Chama a atenção na pesquisa o fato de 42,86% dos entrevistados nem sempre mensurarem os retornos de suas campanhas digitais e outros 9,52% não fazerem questão disso. “Da noite para o dia, as empresas precisaram se reinventar. Quem não tinha presença digital precisou criar campanhas do zero para garantir a própria sobrevivência. Em 2021, este movimento será bem mais forte”, explica.

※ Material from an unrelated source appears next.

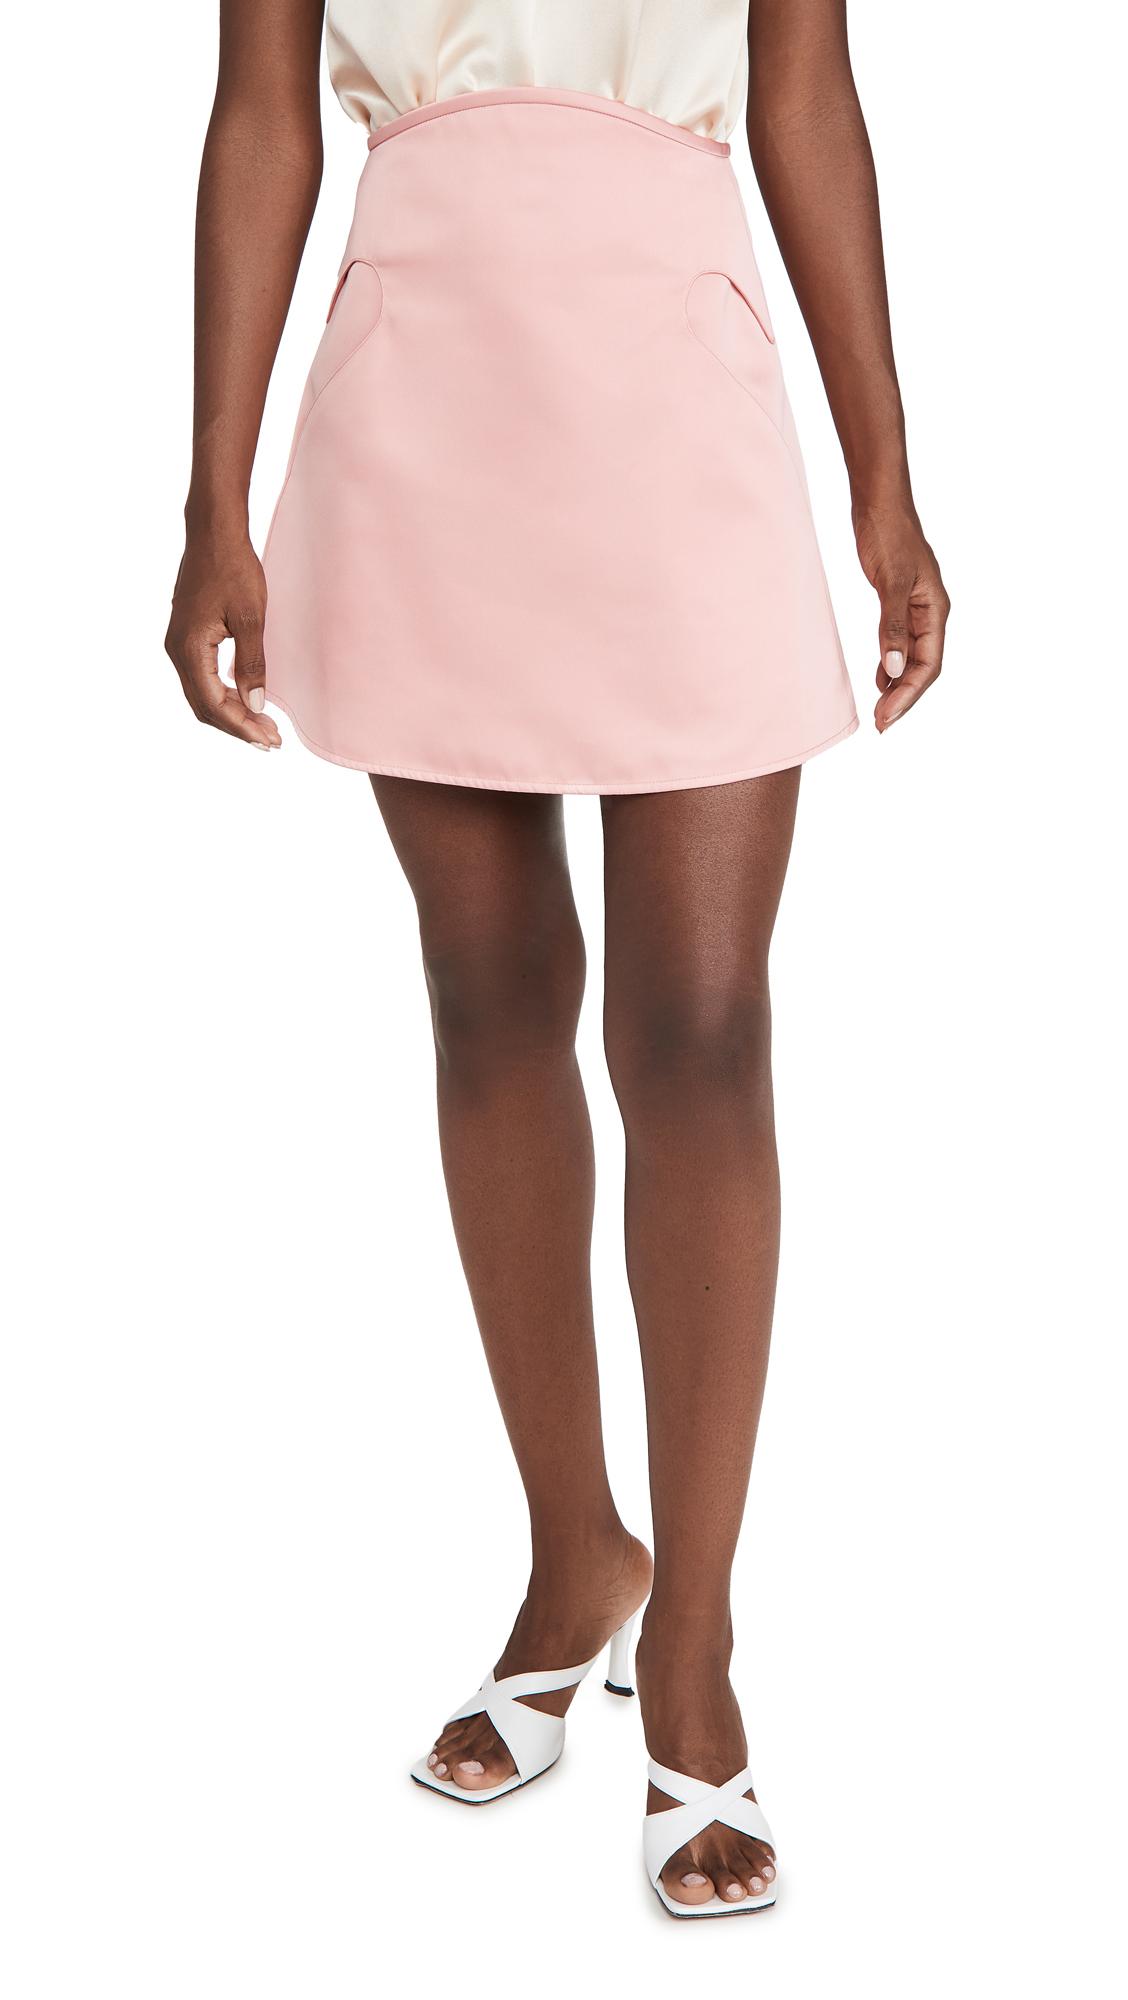 Ellery Biros Skirt
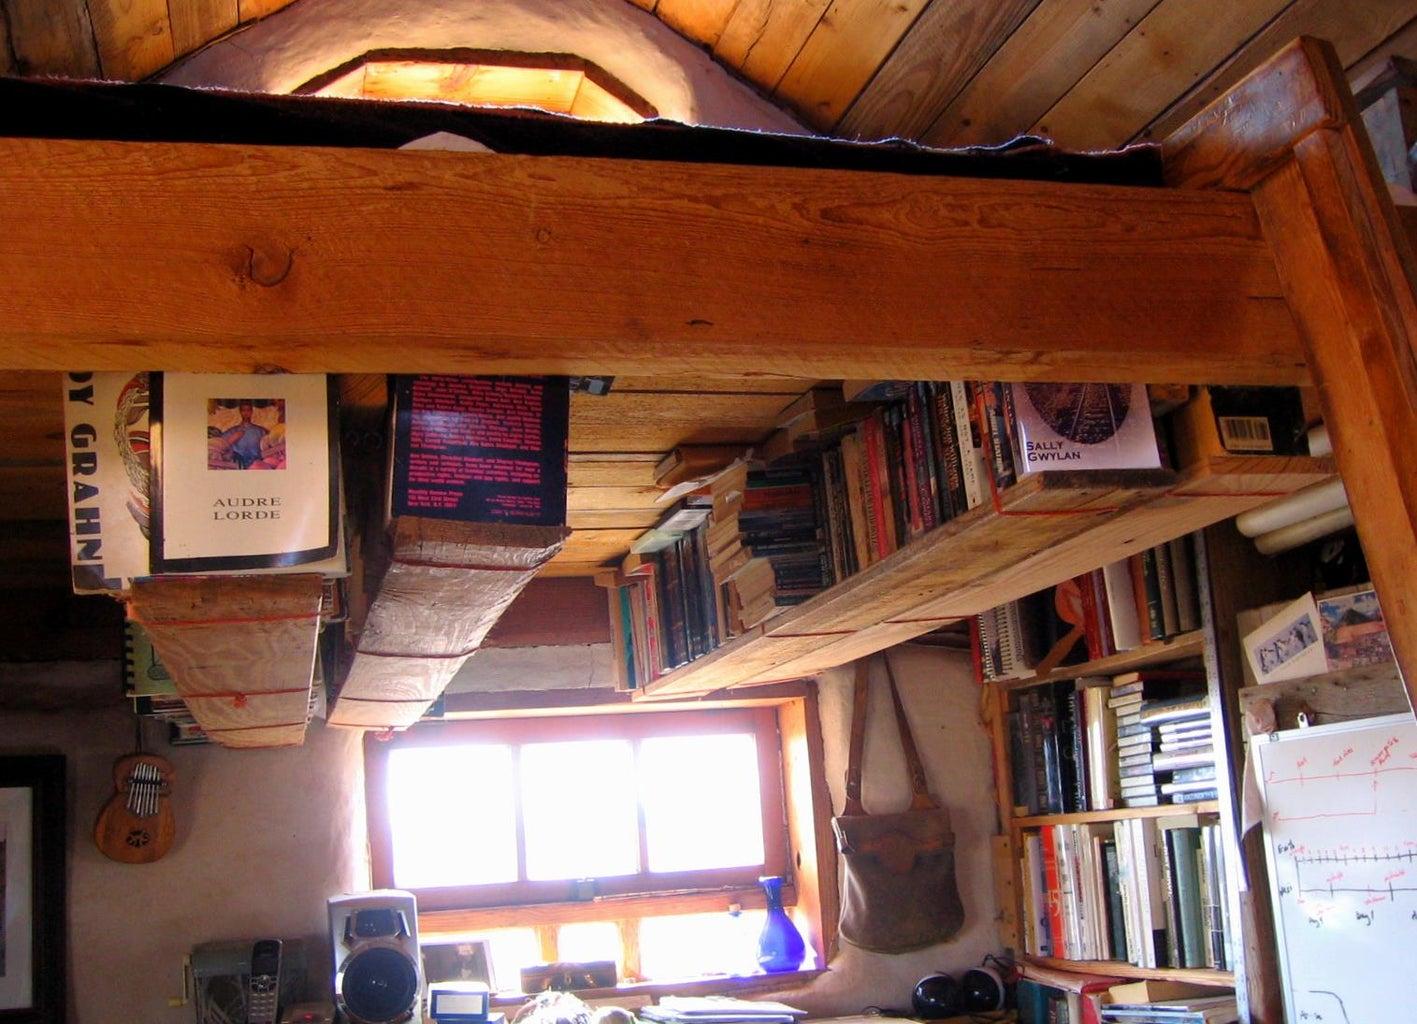 Boards & Baling Twine: a Rafter Bookshelf

A análise de Cavalcante vai ao encontro de outro dado da pesquisa. Nem todas as empresas estão plenamente satisfeitas com os resultados obtidos em suas campanhas de marketing. Segundo o levantamento, somente 28,57% dos entrevistados se mostraram muito satisfeitos e outros 52,38% responderam que os resultados vieram dentro das expectativas. O restante declarou não ter obtido bons resultados.

Sobre as tendências para 2021, a maioria das empresas aposta na divulgação de conteúdo qualificado (38,1%). “A qualidade do marketing do conteúdo vai falar alto em 2021. É notório que o engajamento sempre dependeu e vai depender cada vez mais disto. E vai se destacar quem apresentar as melhores soluções às necessidades dos consumidores por meio da oferta de informação qualificada na hora certa”, diz Cavalcante. Outros 28,57% acreditam no uso de inteligência artificial como grande tendência para o próximo ano. “No atendimento ao cliente, por exemplo, a tecnologia é utilizada para automatizar os processos, bem como desenvolver robôs de atendimento ou assistentes virtuais – conhecidos como chatbot – para interagir com o cliente via chat de site, rede social e aplicativos, entre outros”, complementa. Os Webinars também são apontados por 19,05% dos entrevistados como forma de atingir o consumidor, seguidos pela integração entre e-commerce e redes sociais.

Com relação às redes sociais, 33,33% dos entrevistados afirmam não ter preferência por canal e apostam em todos como estratégia de marketing. Já aqueles que focam em alguma mídia específica, a maior parte (28,05%) acredita que o Linkedin é o melhor canal, seguido de Facebook e Instagram (19,05% cada).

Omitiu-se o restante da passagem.